WASHINGTON — A tangled legal fight over grape patents ended Friday in a victory for the California Table Grape Commission.

 

Capping years of courtroom battling, the U.S. Court of Appeals for the Federal Circuit ruled the Fresno-based industry group has licensed valid patents for the Scarlet Royal and Autumn King grape varieties.

 

The unanimous, 13-page decision by the three-judge panel turned on technical questions, including what date the grapes came into public use. The appellate court rejected arguments from challengers that the grapes were already being generally circulated well before the patents were applied for.

 

“The evidence at trial was sufficient to support the district court’s finding that the patented plant varieties were not in public use prior to the critical date,” Judge William C. Bryson wrote.

 

Money is at stake, and maybe more.

 

The federal Agricultural Research Service developed the grapevine varieties starting in the 1990s, though the table grape commission funded much of the work. The Agriculture Department licensed the patents to the commission, which in turn sub-licensed the patents to nurseries as the authorized distributors.

 

USDA harvests 60 percent of the revenues and the California Table Grape Commission gets 40 percent under the licensing agreement.

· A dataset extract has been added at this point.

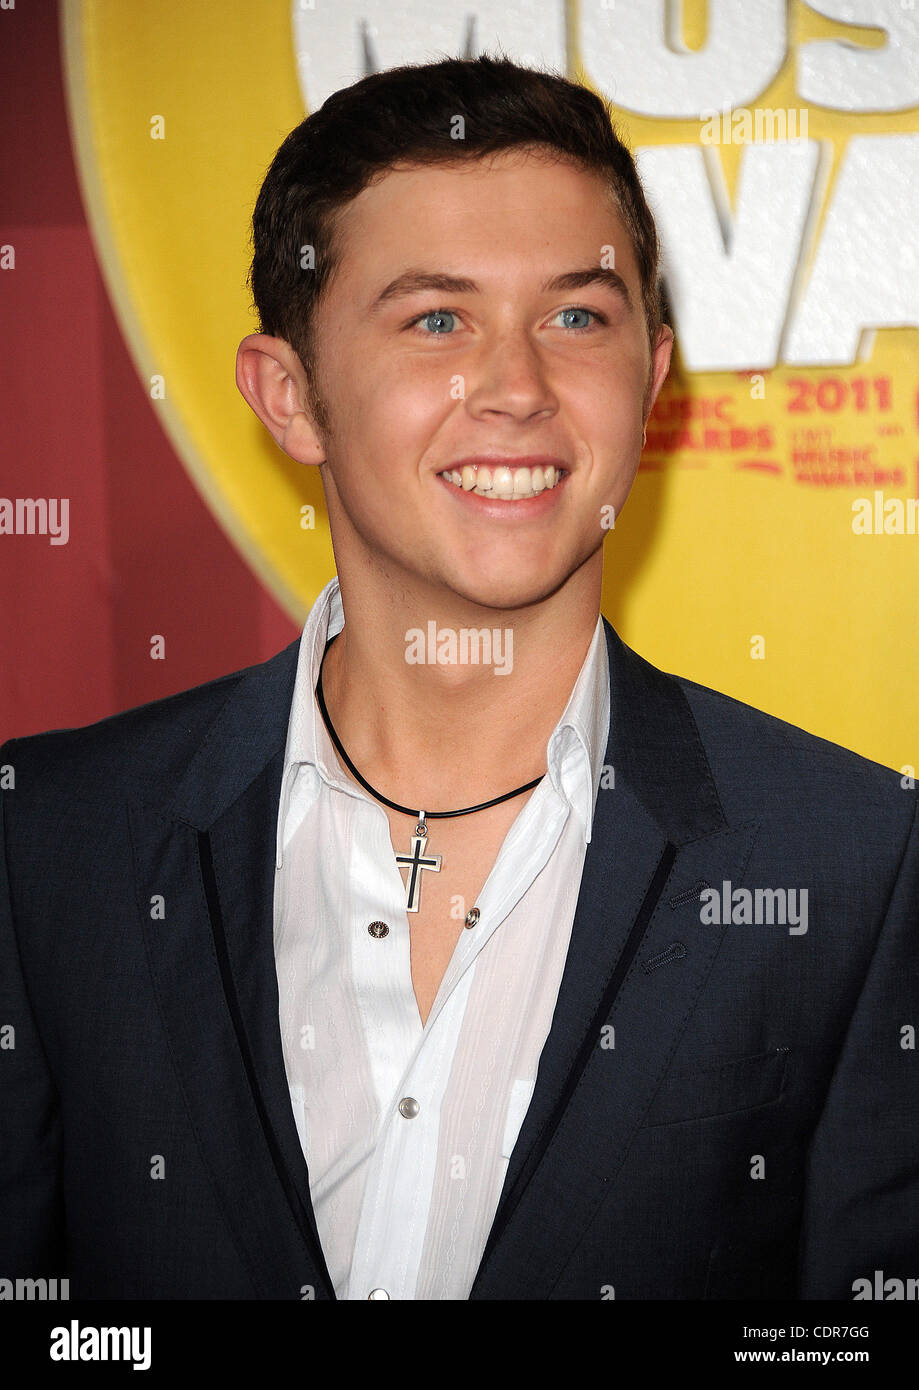 Jun 8, 2011 - Nashville, Tennessee; USA - American Idol Winner SCOTTY MCCREERY arrives on the red carpet at the 2011 CMT Music Awards that took place at the Bridgestone Arena located in downtown Nashville.  Copyright 2011 Jason Moore. (Credit Image: © Jason Moore/ZUMAPRESS.com) Stock Photo

Gerawan Farming, whose co-owner Dan Gerawan is a long-time critic of the table grape commission, joined with Delano Farms Co. and Four Star Fruit, Inc. in filing a 2007 lawsuit challenging the patents.

 

A familiar cast of legal players has been fighting it out ever since.

 

Clovis-based attorney Brian Leighton, who has been challenging farm industry organizations for decades, joined with Los Angeles-based attorney Lawrence M. Hadley in fighting the patents. The table grape commission,, in turn, enlisted serious talent like Seth Waxman, former solicitor general in the Clinton administration, and Thomas G. Saunders, a former clerk to Supreme Court Justice Ruth Bader Ginsburg.

 

“Years of effort went into inventing these important table grape varieties, which have greatly benefited the industry,” Saunders said in an e-mail Friday. “We look forward to putting this legal dispute behind us so the California Table Grape Commission can focus on its mission of helping California growers.”

 

The legal challenge centered, in part, on some unusual history.

 

In early 2002, according to court records, a USDA employee quietly provided a San Joaquin Valley grower cuttings from the still-unreleased Scarlet Royal and Autumn King varieties. The grower shared some with a relative, and they planted a few plots. At one point, a box was mislabeled “Thompson Seedless” to avoid detection.

 

“Both (family members) knew that they were not authorized to have the plants, and that they needed to conceal their possession of the plants,” Bryson wrote.

 

Gerawan and his allies had properly paid the table grape commission’s licensing fee for use of the patented grapes. They subsequently argued the unauthorized plantings by other growers meant the grape varieties were in public use well before the patent applications were filed Sept. 28, 2004.

 

Following a three-day bench trial in Fresno, U.S. District Judge Sam E. Haddon agreed last September with the table grape commission that the Scarlet Royal and Autumn King grape patents were still valid. The appellate court decision Friday echoed Haddon’s conclusion that the unauthorized plantings did not amount to public use.

 

“The plantings of the unreleased varieties were extremely limited,” Bryson noted, adding that “the unreleased varieties were not labeled in any way.”